Throat swab samples were collected for extracting SARS-Cov-2 RNA from patients. The respiratory sample RNA isolation kit (Biogerm, Shanghai, China) was used to extract total RNA within two hours. Briefly, 40 μL of cell lysates were transferred into a collection tube followed by vortex for 10 seconds. After standing at room temperature for 10 minutes, the collection tube was centrifuged at 1000 revolutions per minute for five minutes. The suspension was used for real time reverse transcription polymerase chain reaction (RT-PCR) assay of SARS-Cov-2 RNA. Two target genes—open reading frame 1ab (ORF1ab) and nucleocapsid protein (N)—were simultaneously amplified and tested during the real time RT-PCR assay. Target 1 (ORF1ab) comprised forward primer CCCTGTGGGTTTTACACTTAA, reverse primer ACGATTGTGCATCAGCTGA, and the probe 5′-VIC-CCGTCTGCGGTATGTGGAAAGGTTATGG-BHQ1-3′. Target 2 (N) comprised forward primer GGGGAACTTCTCCTGCTAGAAT, reverse primer CAGACATTTTGCTCTCAAGCTG, and the probe 5′-FAM- TTGCTGCTGCTTGACAGATT-TAMRA-3′. The real time RT-PCR assay was conducted using a SARS-Cov-2 nucleic acid detection kit according to the manufacturer’s protocol (Shanghai Bio-germ Medical Technology company).
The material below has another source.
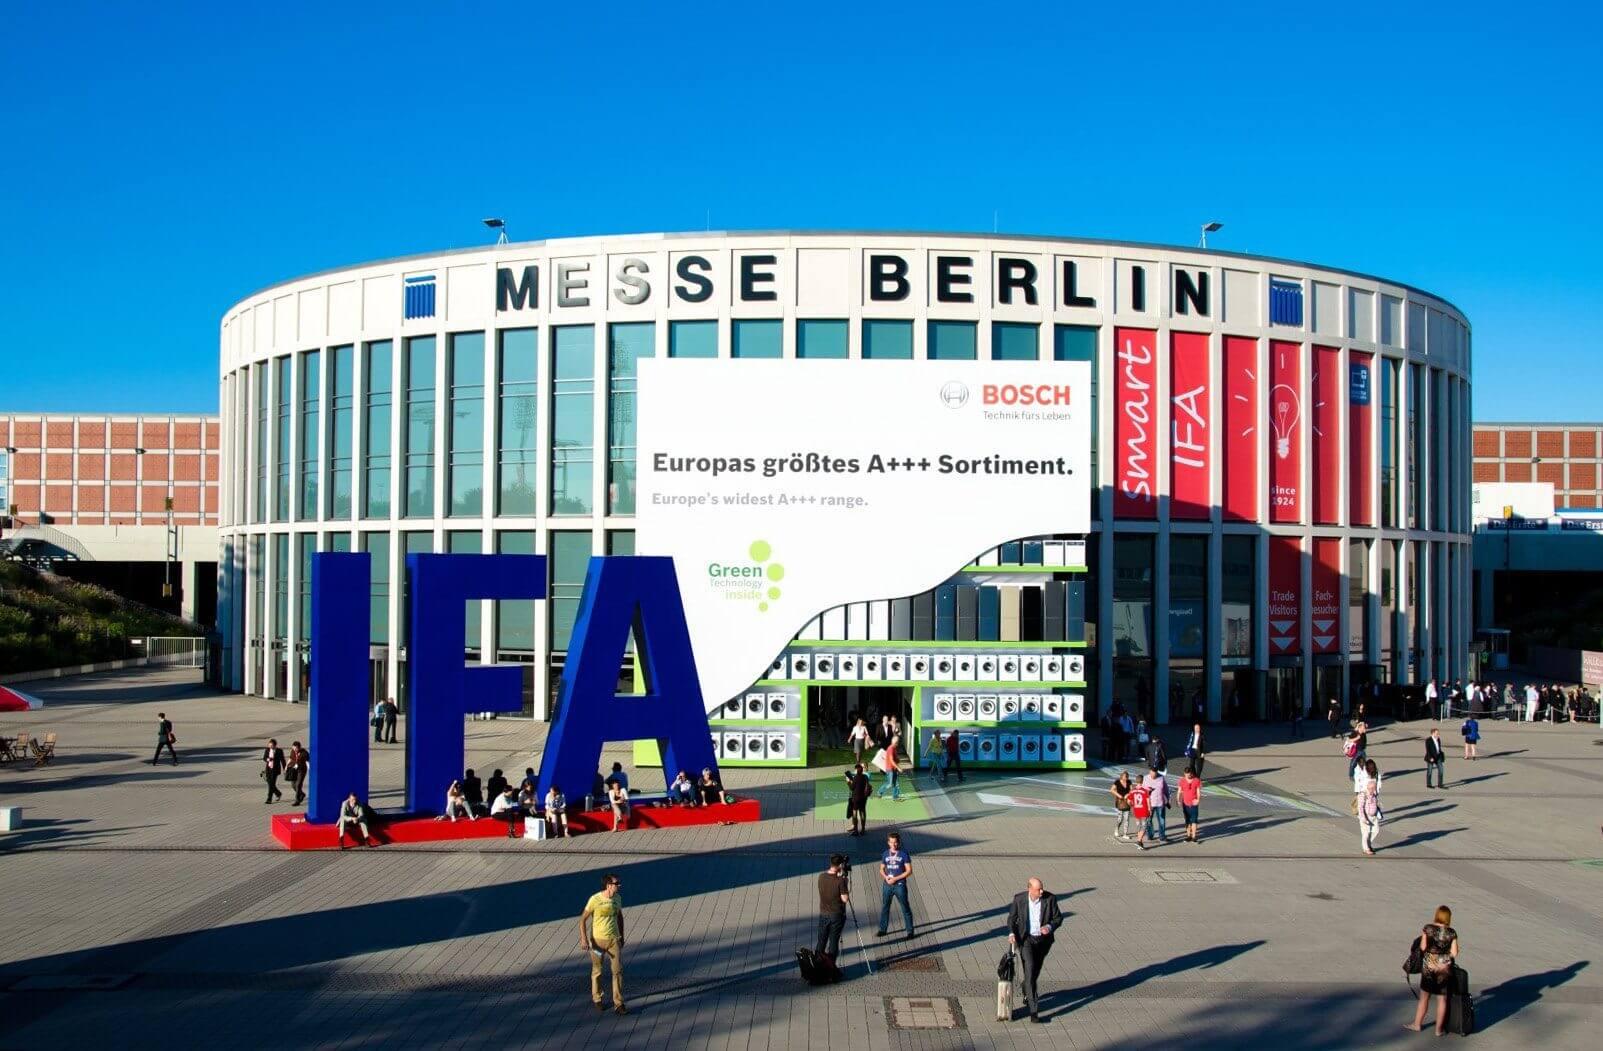 IFA Berlim Internationale Funkausstellung Berlin tecnologia feira

The reaction mixture contains 12 μL of reaction buffer, 4 μL of enzyme solution, 4 μL of Probe primers solution, 3 μL of diethyl pyrocarbonate treated water, and 2 μL of RNA template. The RT-PCR assay was conducted under the following conditions: incubation at 50°C for 15 minutes and 95°C for five minutes, 40 cycles of denaturation at 94°C for 15 seconds, and extending and collecting fluorescence signal at 55°C for 45 seconds. A cycle threshold value less than 37 was defined as a positive test result, and a cycle threshold value of 40 or more was defined as a negative test. These diagnostic criteria were based on the recommendation by the National Institute for Viral Disease Control and Prevention (China) (http://ivdc.chinacdc.cn/kyjz/202001/t20200121_211337.html). A medium load, defined as a cycle threshold value of 37 to less than 40, required confirmation by retesting.
Clinical laboratory measurements
Initial clinical laboratory investigation included a complete blood count, serum biochemical tests (including liver and kidney function, creatine kinase, lactate dehydrogenase, and electrolytes), a coagulation profile, and cytokine tests. Respiratory specimens, including nasal and pharyngeal swabs, or sputum were tested to exclude evidence of other viral infections, including influenza, respiratory syncytial virus, avian influenza, parainfluenza virus, and adenovirus.
Principles of management of patients
Vital signs and oxygen saturation should be monitored (every eight hours; patients with severe disease need continuous monitoring), supportive treatment strengthened, sufficient calories provided, and the stability of the internal environment, such as water, electrolyte, and acid-base balance, maintained. The intake and output volumes should be strictly balanced, especially in critical ill patients.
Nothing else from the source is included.